[GIVEN DATA]

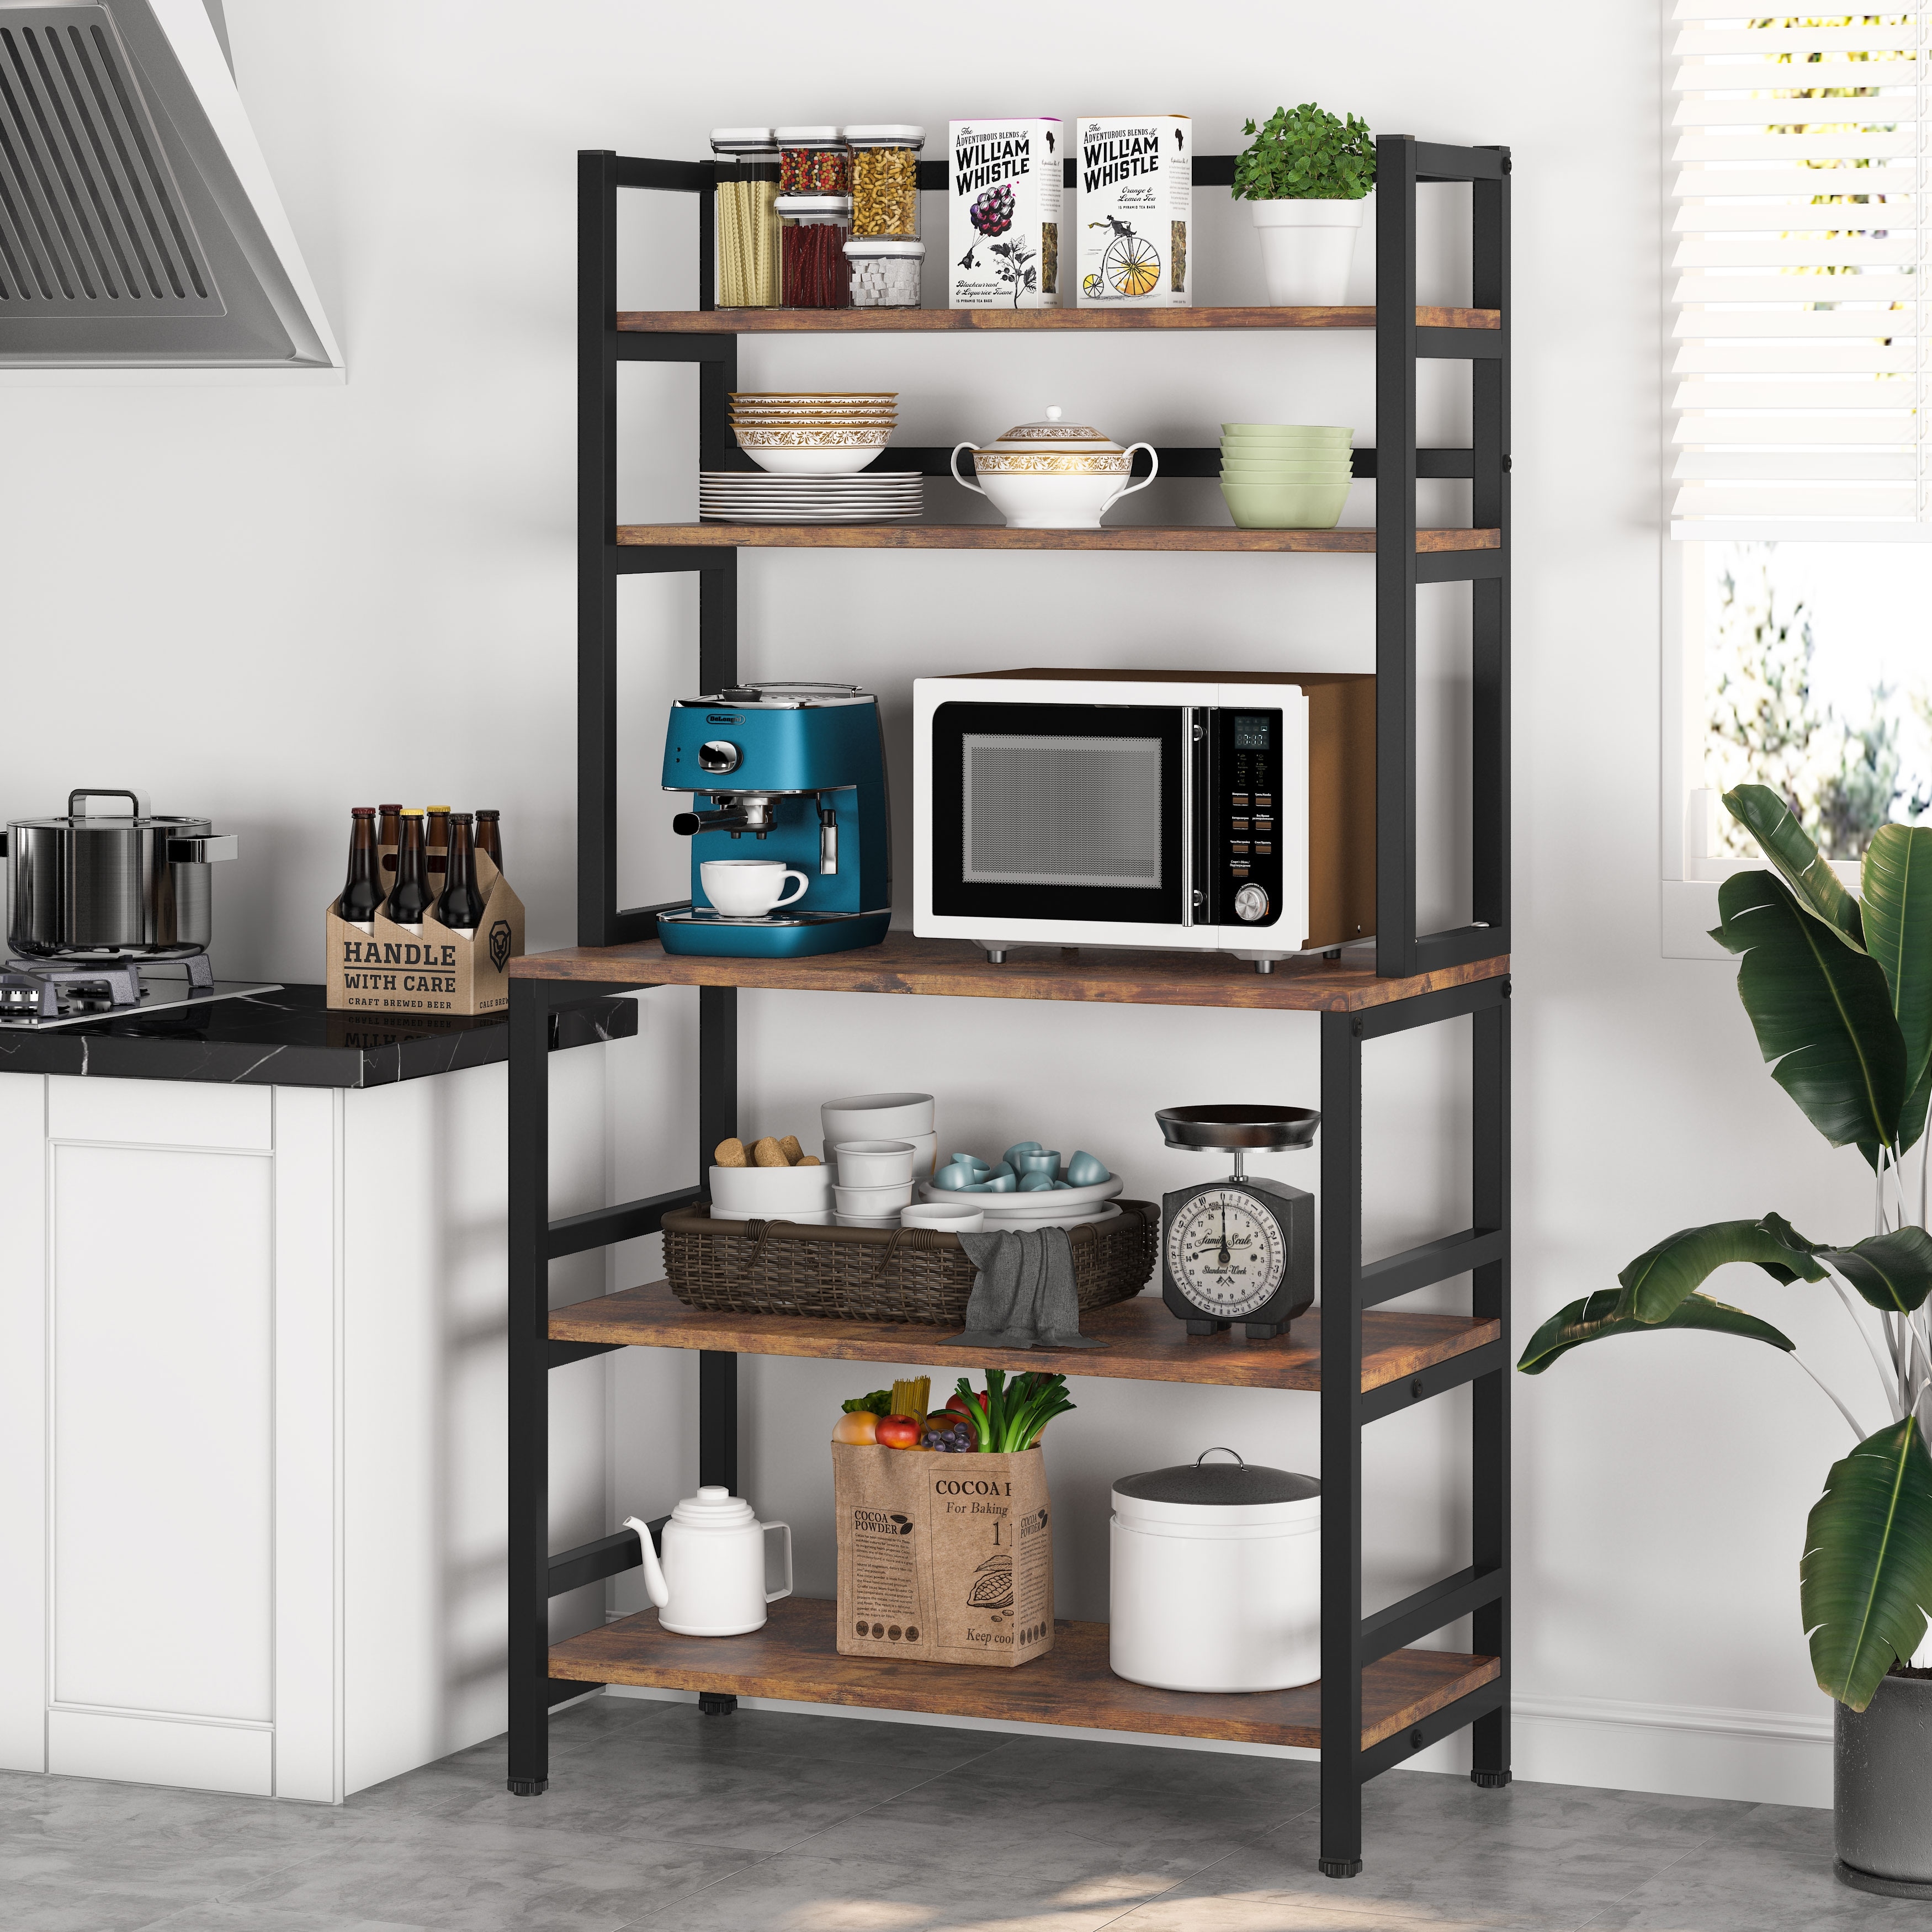 https://ak1.ostkcdn.com/images/products/is/images/direct/aeae600e16f77fc2dca04fc18cfae83a64c3a7be/5-Tier-Industrial-Kitchen-Baker%27s-Rack-Microwave-Stand-Utility.jpg
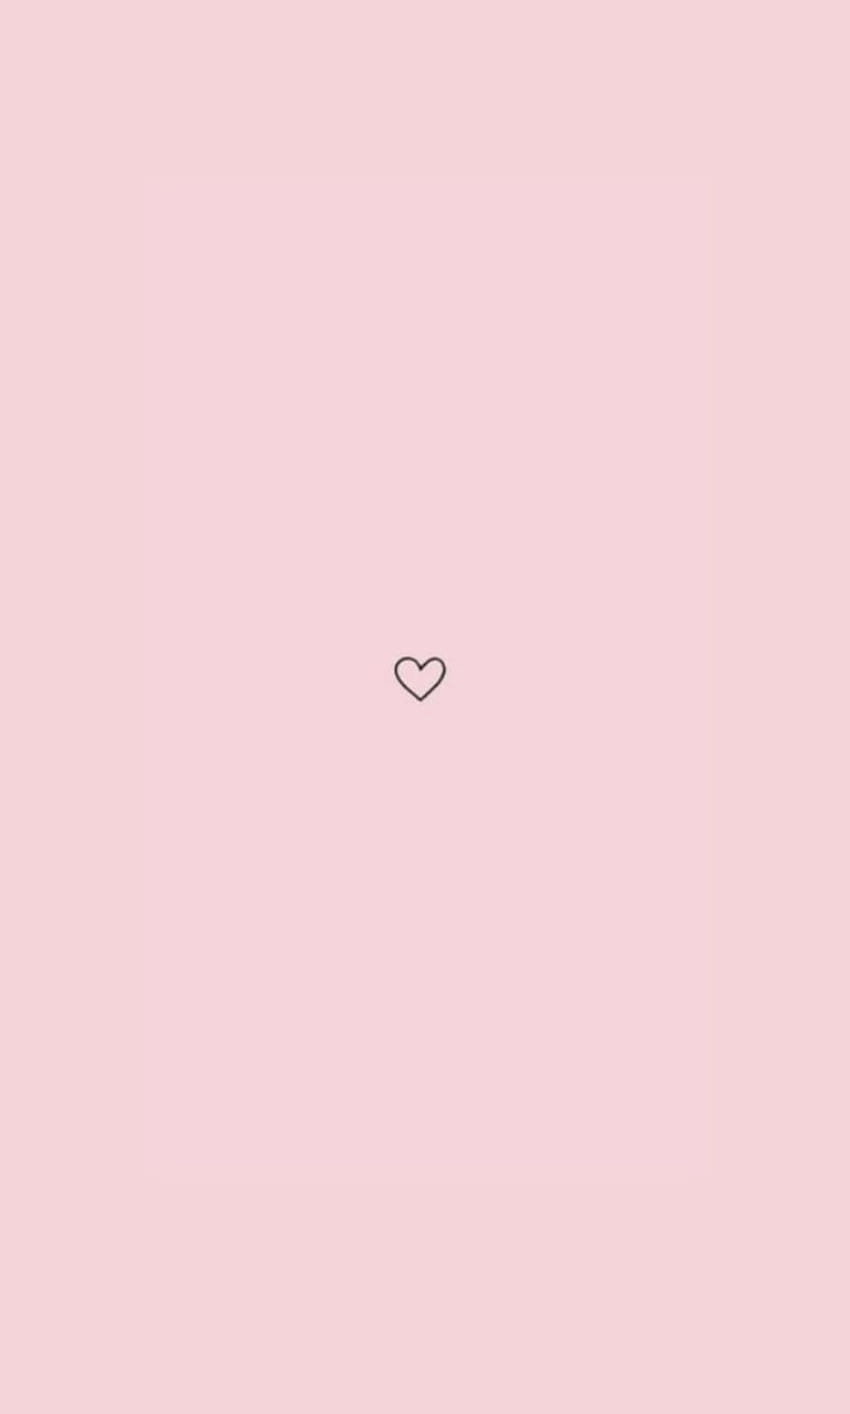 Light baby pink, soft pink aesthetic HD phone wallpaper
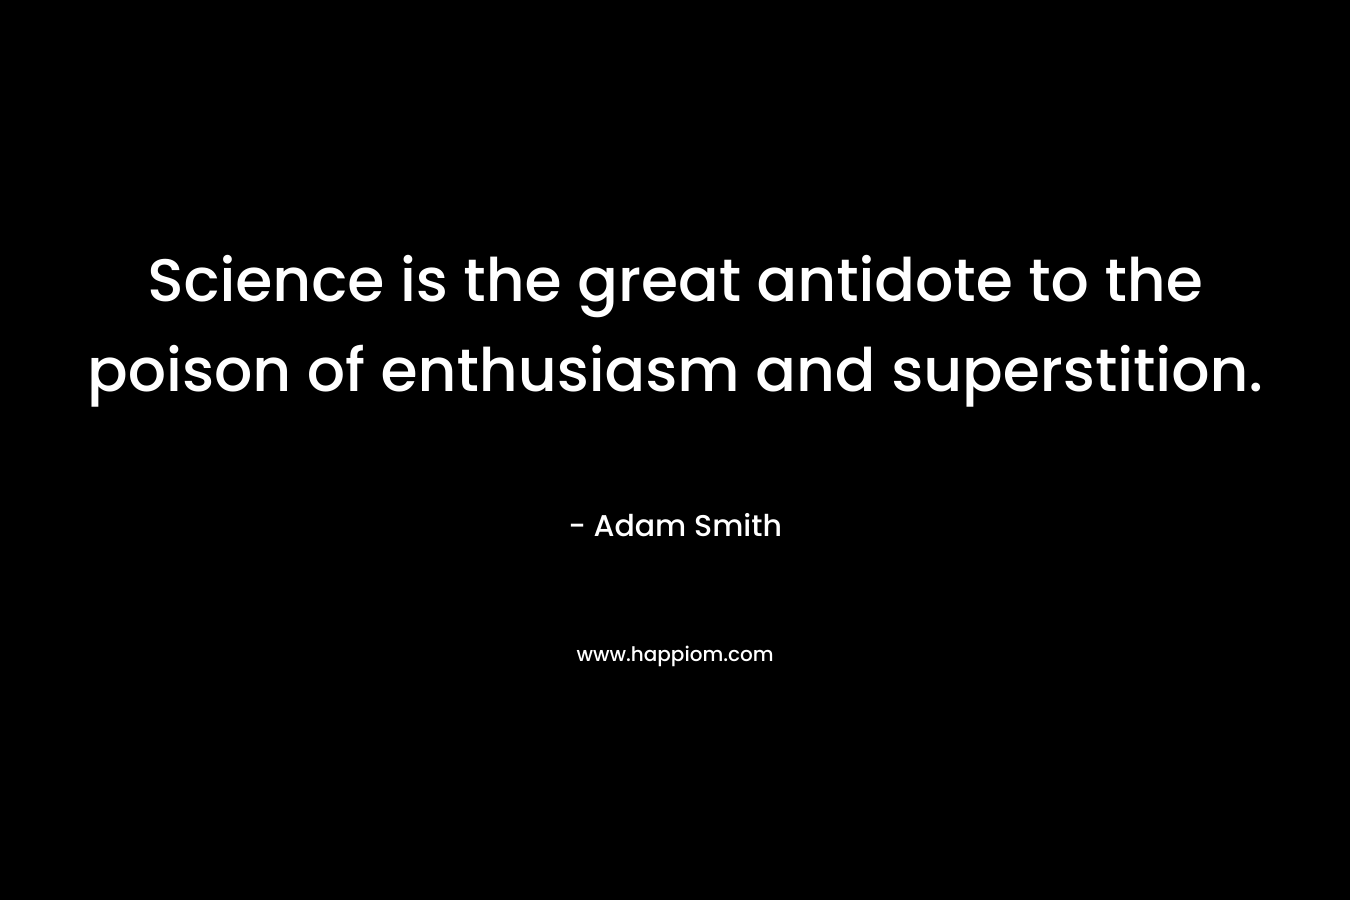 Science is the great antidote to the poison of enthusiasm and superstition. – Adam Smith

[/GIVEN DATA]

HOW TO COMPLETE THIS TASK:
What you give back must be exactly the lines of the listing above from the line containing "Light baby pink, soft" through its last line, inclusive, without pictures, please.

FINAL ANSWER:
 Light baby pink, soft pink aesthetic HD phone wallpaper
 Science is the great antidote to the poison of enthusiasm and superstition. – Adam Smith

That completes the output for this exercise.